[[ DATA EXTRACTS open ]]

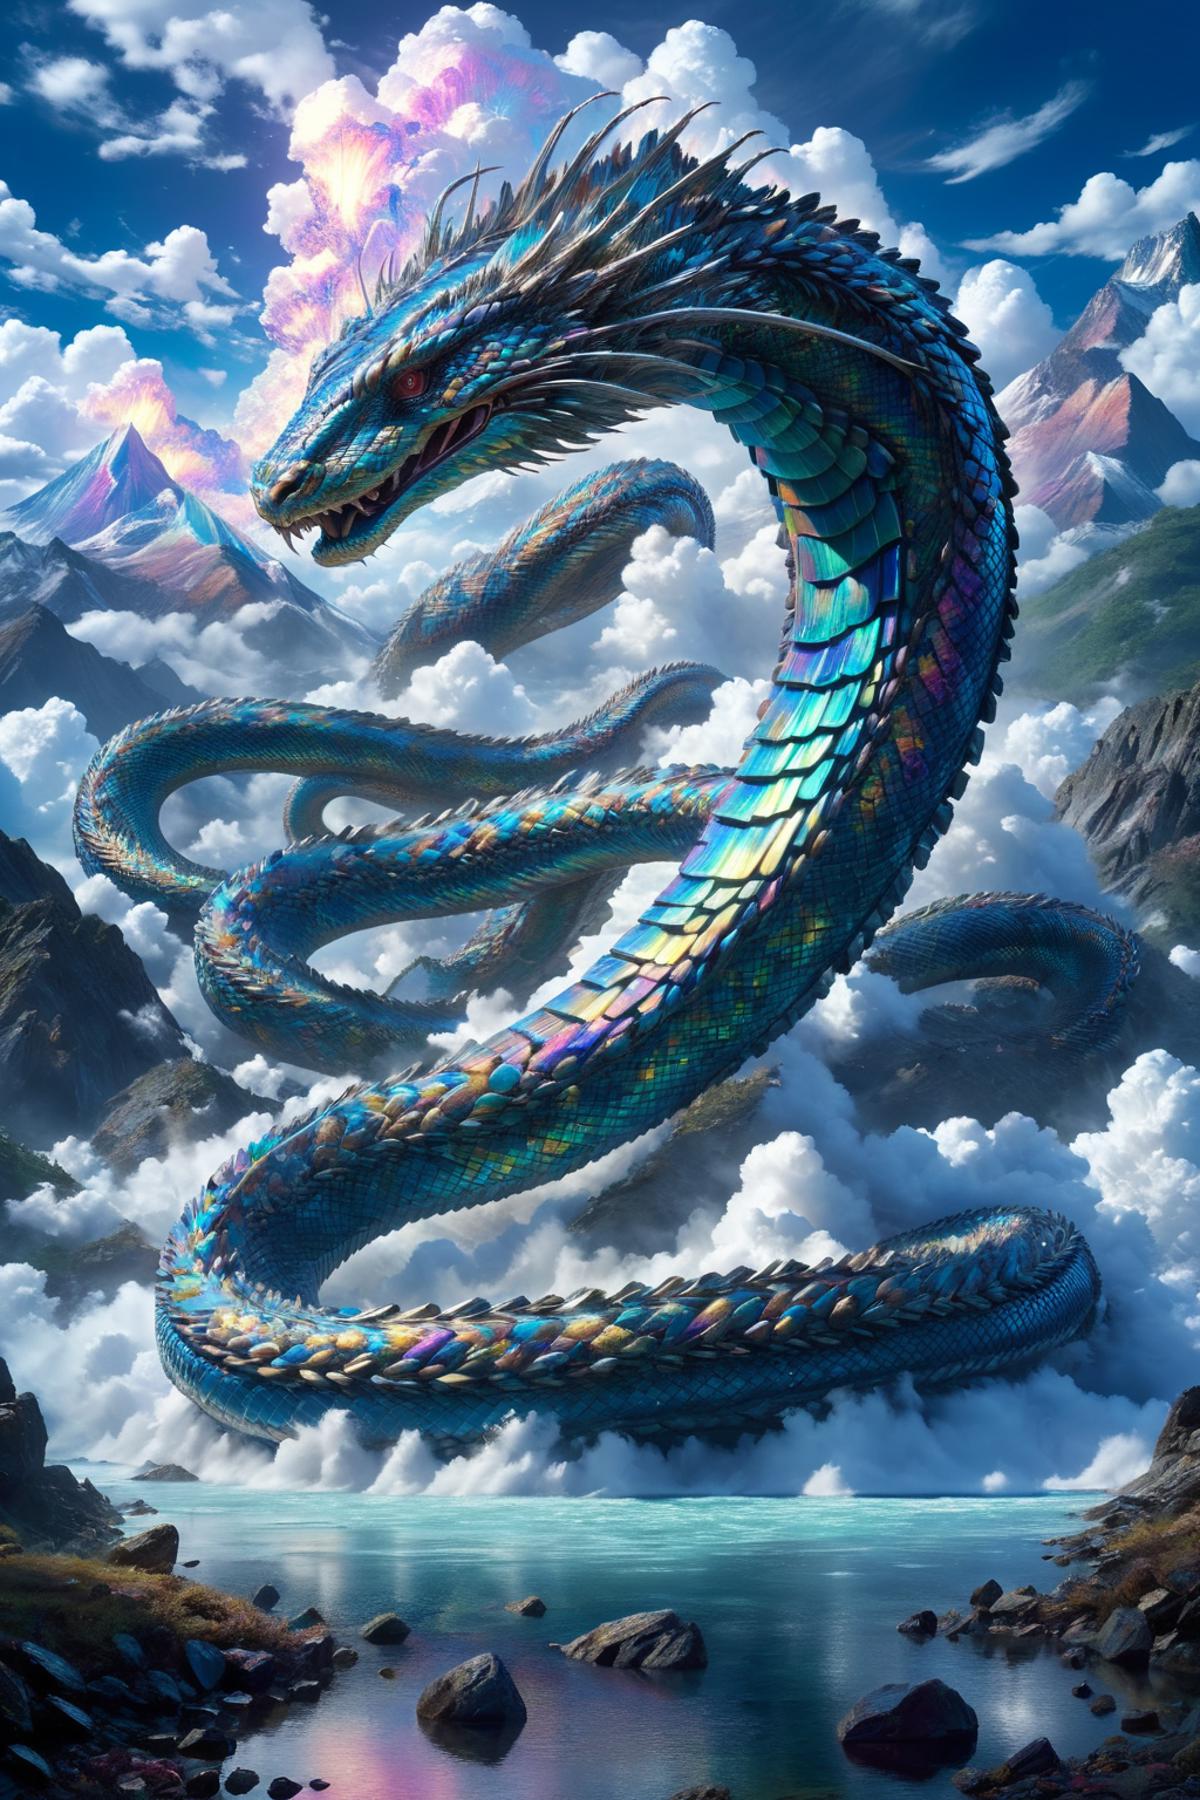 A vibrant blue and green dragon with a rainbow-colored body, sitting on top of a mountain and surrounded by clouds.
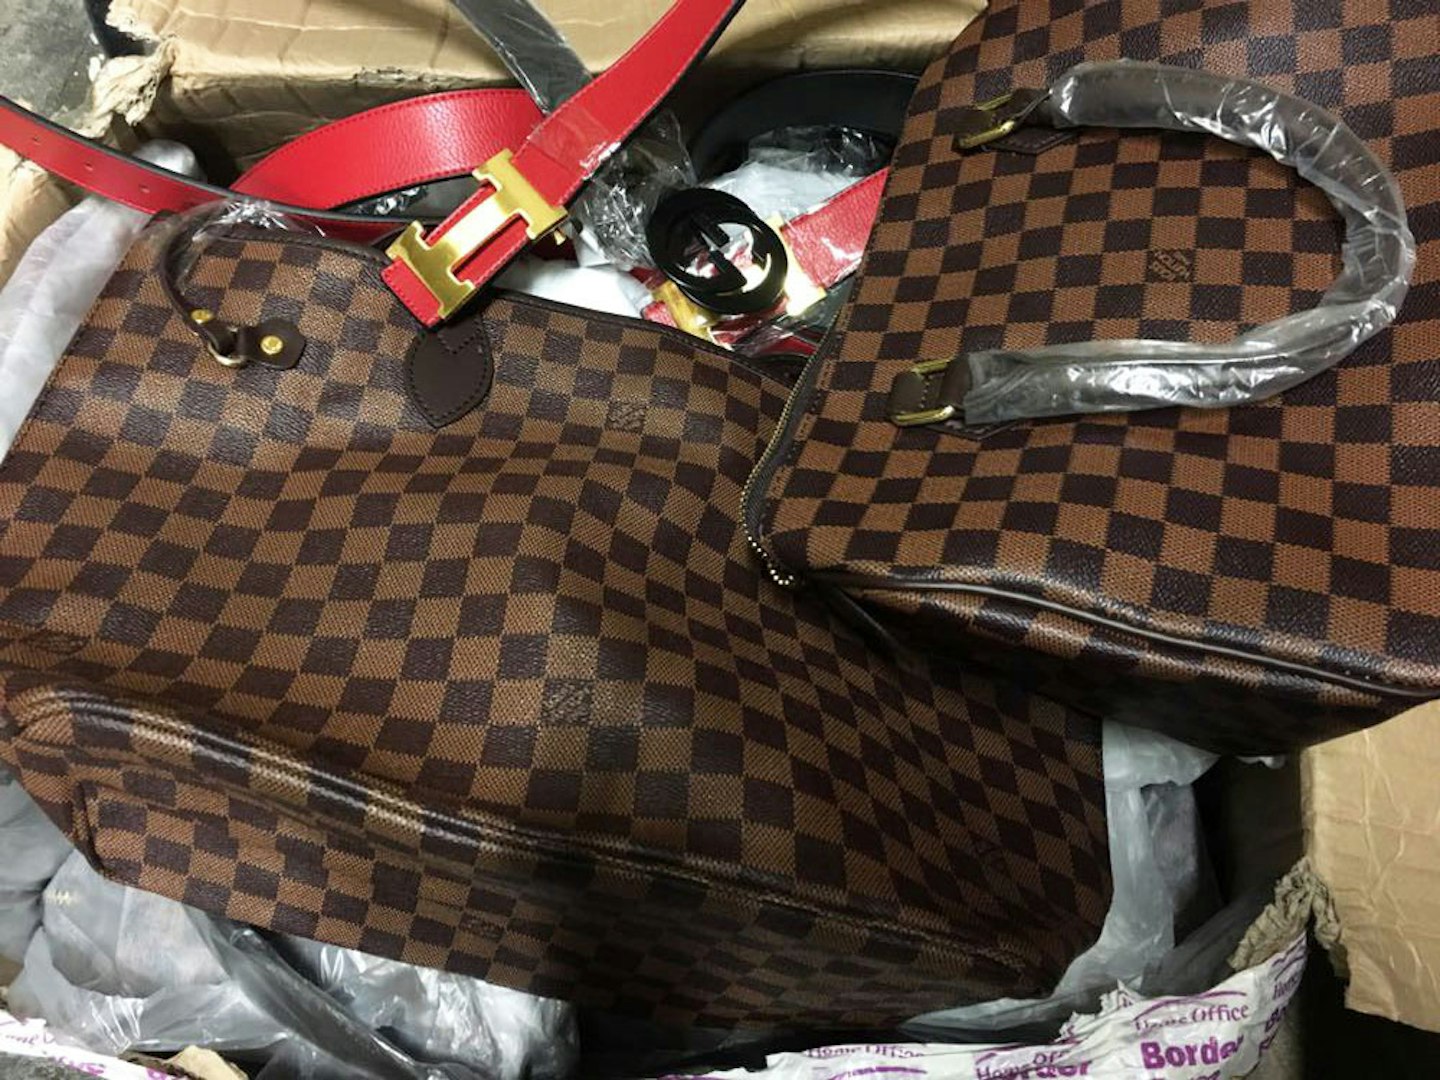 Fake Make Up And Rip Off Handbags: The True Cost Of Christmas Counterfeits
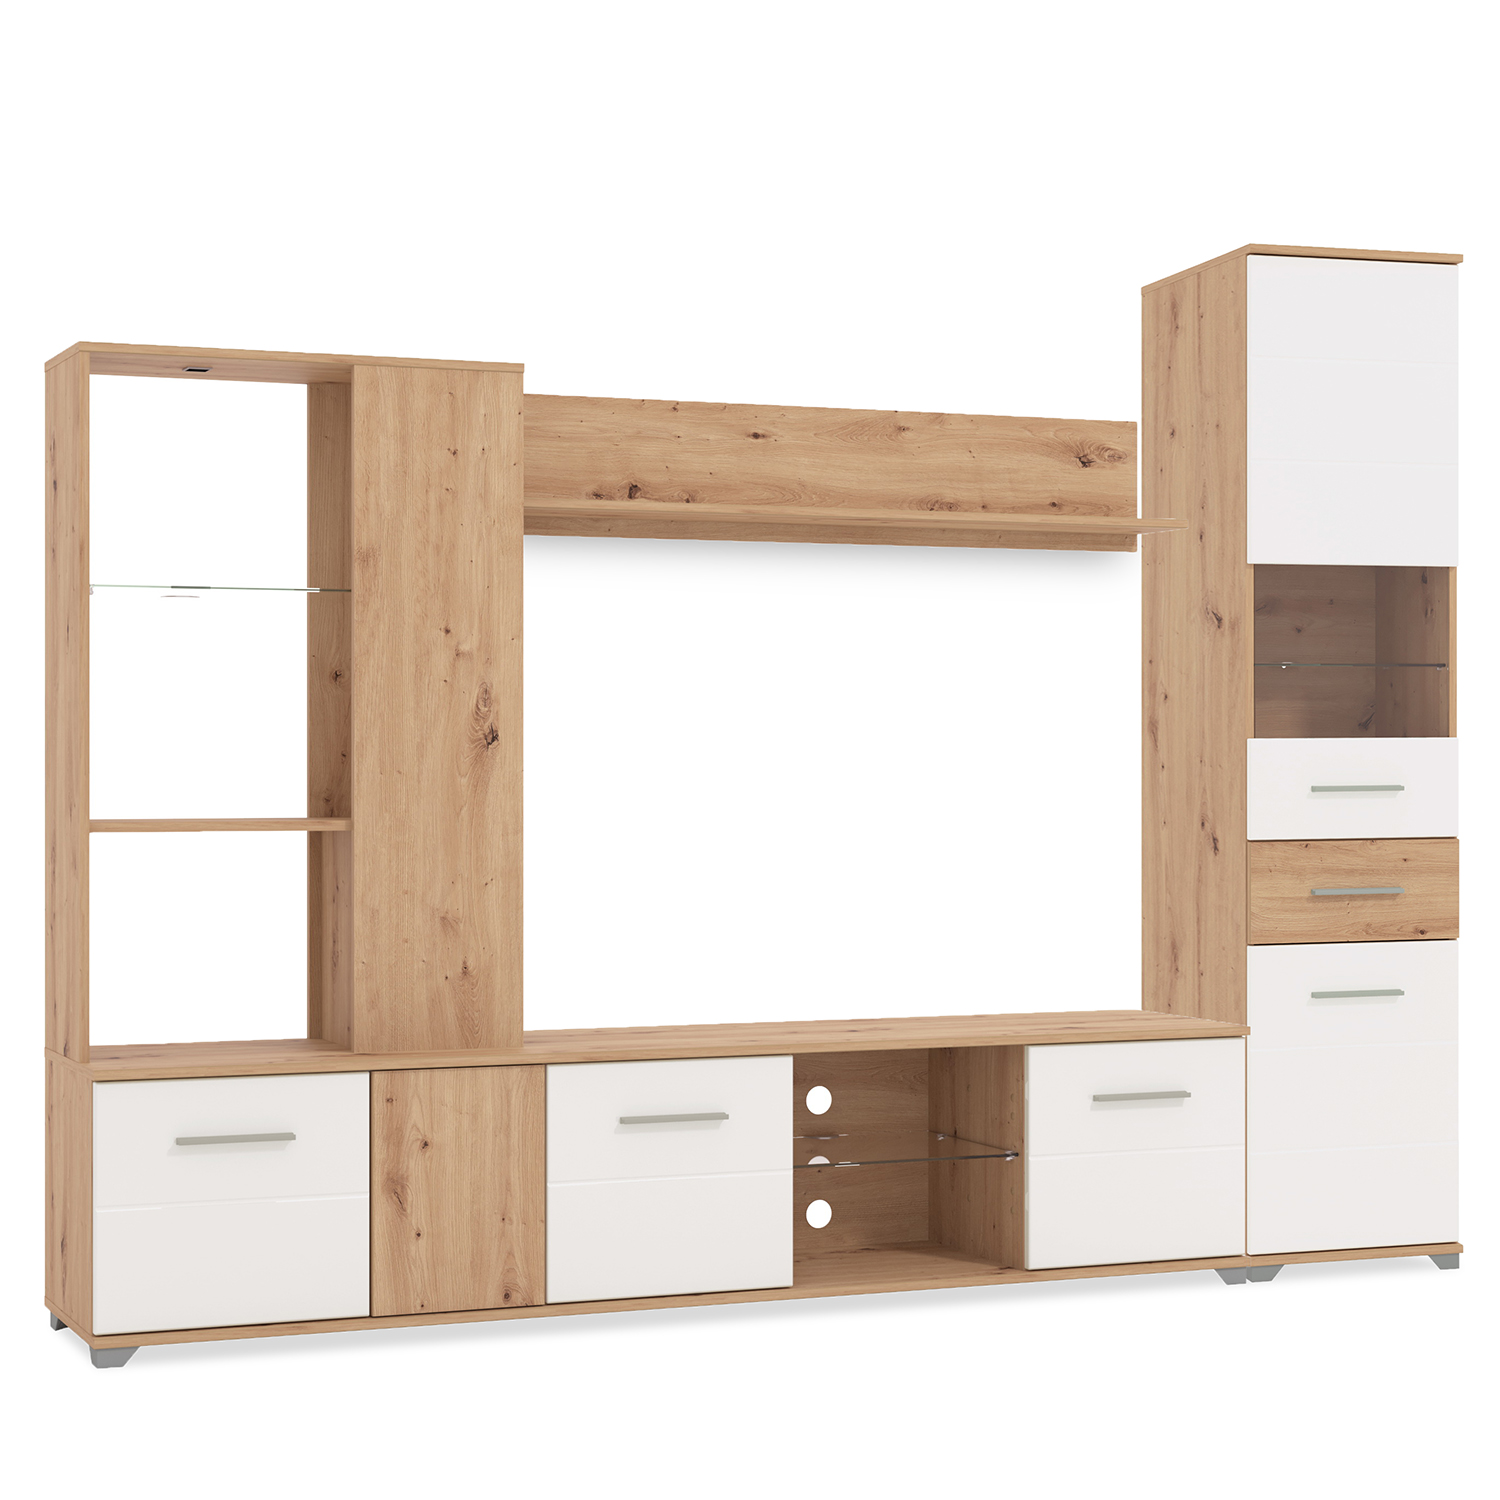 Modern Living Room Unit Cupboard Set Wall Unit TV Set with Storage Entertainment Center Wood Oak White High Gloss
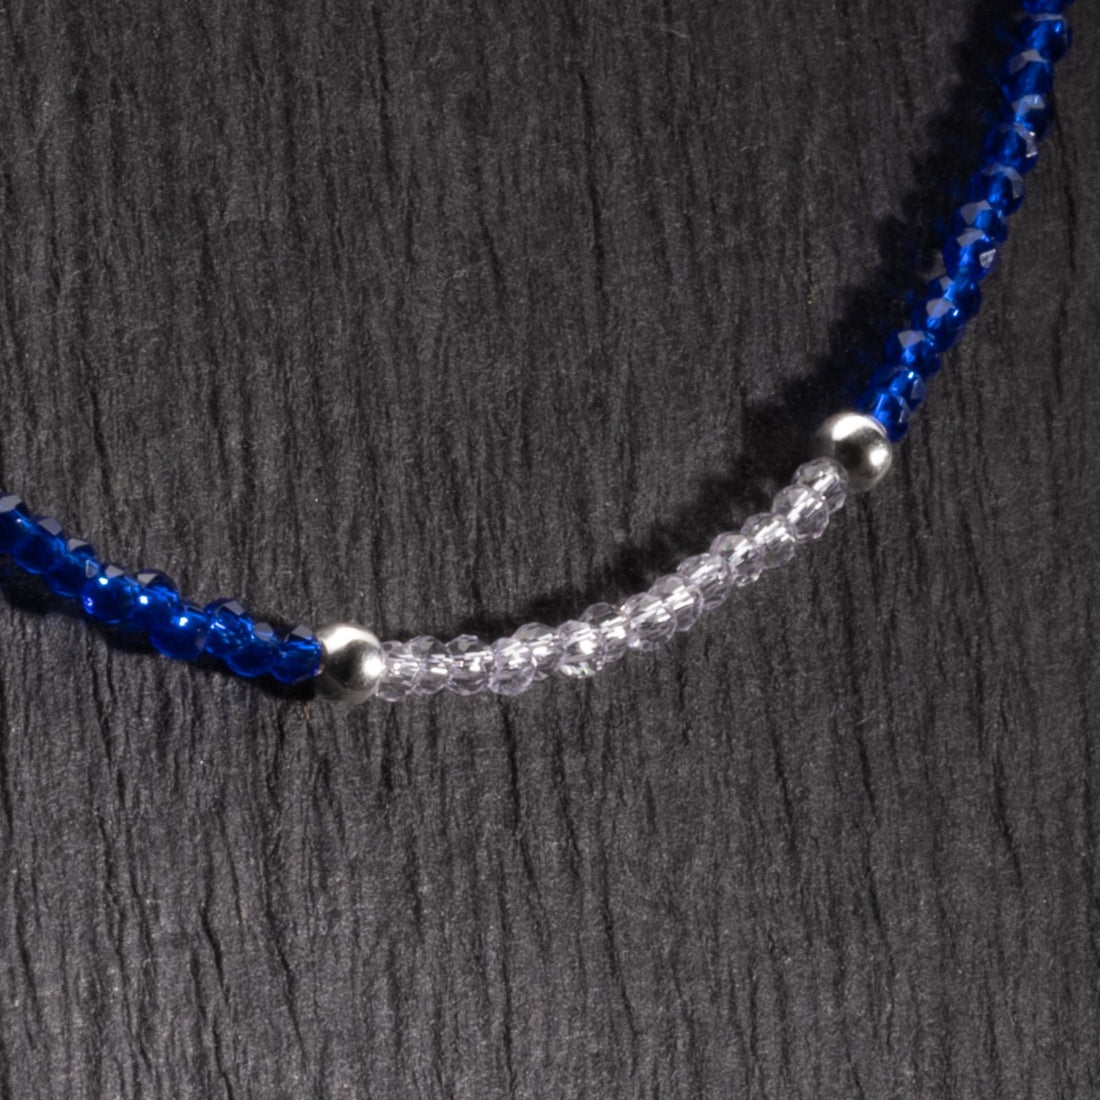 Real silver and dark blue beads anklets for women
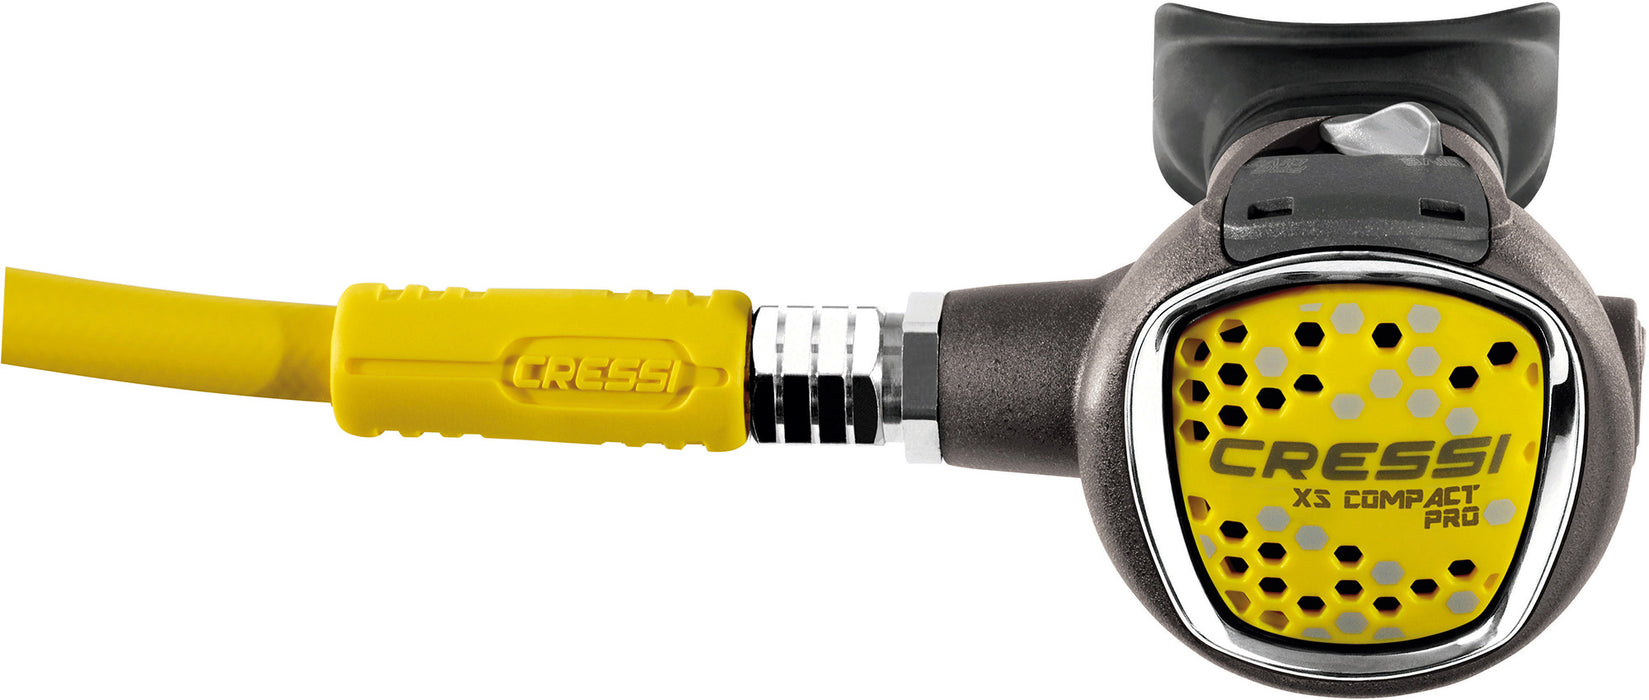 Cressi Octopus Compact Pro 2nd stage

[[ DATA EXTRACTS closed ]]

# TASK GOAL
Every line above goes into the copy unchanged; the pictures do not.

# RESULT FOR THIS TASK
 A vibrant blue and green dragon with a rainbow-colored body, sitting on top of a mountain and surrounded by clouds.
 Fake Make Up And Rip Off Handbags: The True Cost Of Christmas Counterfeits
 Modern Living Room Unit Cupboard Set Wall Unit TV Set with Storage Entertainment Center Wood Oak White High Gloss
 Real silver and dark blue beads anklets for women
 Cressi Octopus Compact Pro 2nd stage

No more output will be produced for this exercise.